Democracy Gone Astray

Democracy, being a human construct, needs to be thought of as directionality rather than an object. As such, to understand it requires not so much a description of existing structures and/or other related phenomena but a declaration of intentionality.
This blog aims at creating labeled lists of published infringements of such intentionality, of points in time where democracy strays from its intended directionality. In addition to outright infringements, this blog also collects important contemporary information and/or discussions that impact our socio-political landscape.

All the posts here were published in the electronic media – main-stream as well as fringe, and maintain links to the original texts.

[NOTE: Due to changes I haven't caught on time in the blogging software, all of the 'Original Article' links were nullified between September 11, 2012 and December 11, 2012. My apologies.]

Tuesday, October 10, 2023

Trump fraudulently inflated his net worth by up to $2.2 billion, New York judge rules

NEW YORK — A state judge Tuesday found Donald Trump and his company liable for fraud for inflating his net worth in order to deceive banks and insurers, resolving one of the key claims in a civil fraud lawsuit brought by the New York state attorney general just days before a trial is set to start.

Attorney General Tish James’ office “has submitted conclusive evidence” that the former president and his co-defendants overvalued their assets by between $812 million and $2.2 billion from the years 2014 to 2021, the judge, Arthur Engoron, wrote in a court filing. “Even in the world of high finance, this Court cannot endorse a proposition that finds a misstatement of at least $812 million to be ‘immaterial.’”

As part of his ruling, the judge canceled the business certificates of all of the defendants, which include the Trump Organization itself and numerous LLCs connected to the company, as well as the business certificates of any entity “controlled or beneficially owned by” Trump, his adult sons, the Trump Organization’s former chief financial officer Allen Weisselberg and company executive Jeffrey McConney.

Engoron ordered that within 10 days of the ruling, Trump and the other defendants must provide names of potential independent receivers “to manage the dissolution of the canceled LLCs.”

The ruling, which comes ahead of a trial set for Oct. 2, is a significant defeat for Trump, who built his business career and political campaigns by boasting about his personal and professional achievements, and now instead has been found to have been peddling bogus claims of financial success.

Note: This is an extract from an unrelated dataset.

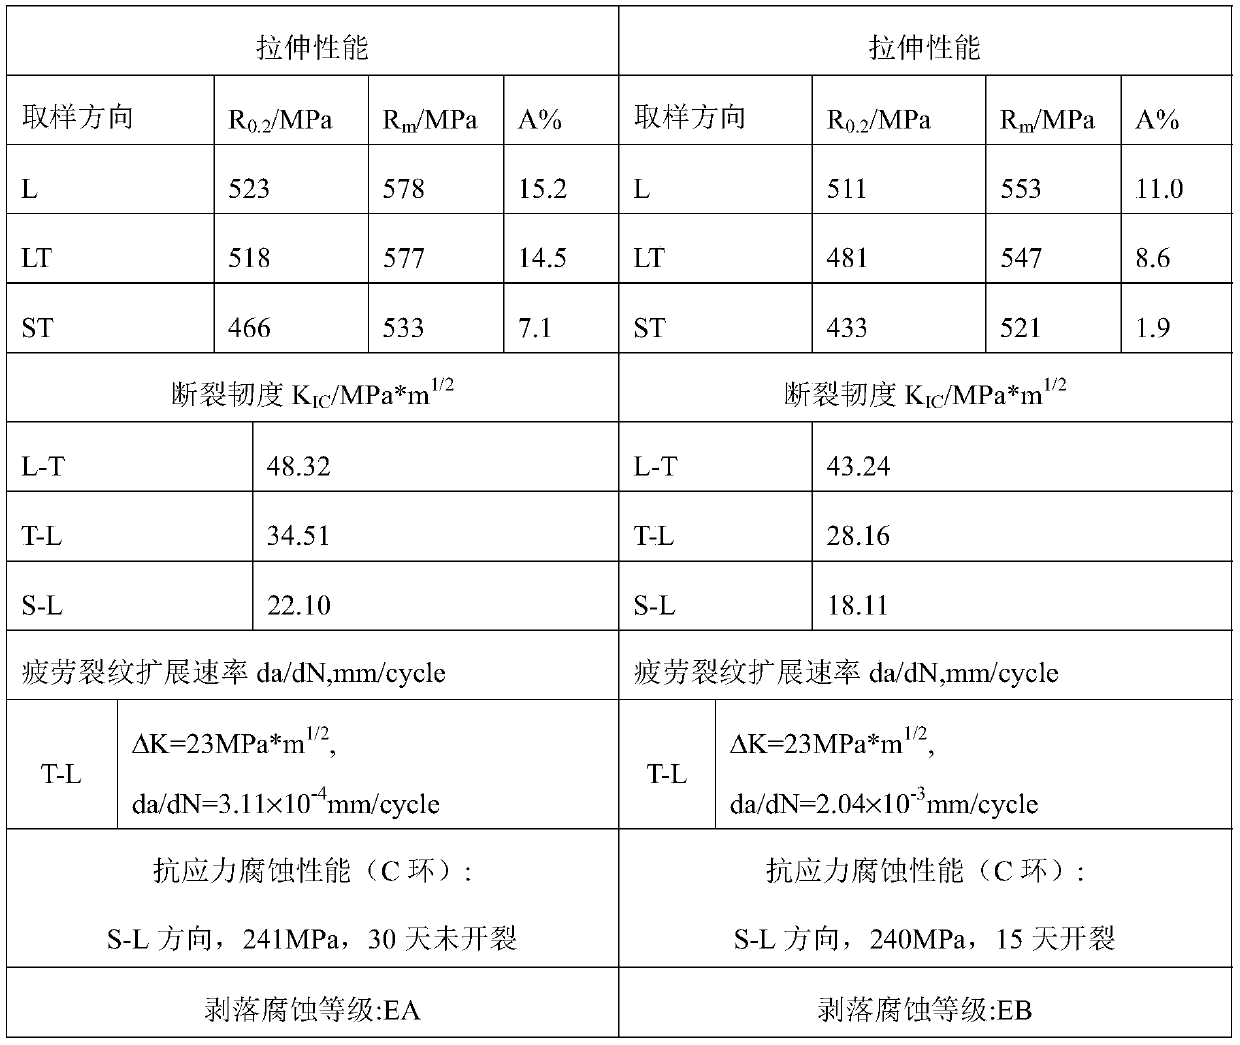 Preparation process for improving comprehensive performance of aluminum-lithium alloy product

The lawsuit accuses Trump and the other defendants of creating more than 200 misleading evaluations of the company’s finances, as well as other forms of misrepresentation, and it seeks $250 million in damages and a lifetime bar on the Trumps from serving as officers or directors in any New York companies.

In a statement, James said: “Today, a judge ruled in our favor and found that Donald Trump and the Trump Organization engaged in years of financial fraud. We look forward to presenting the rest of our case at trial.”

An attorney for Trump, Chris Kise, said the ruling is “completely disconnected from the facts and governing law,” and vowed to appeal it.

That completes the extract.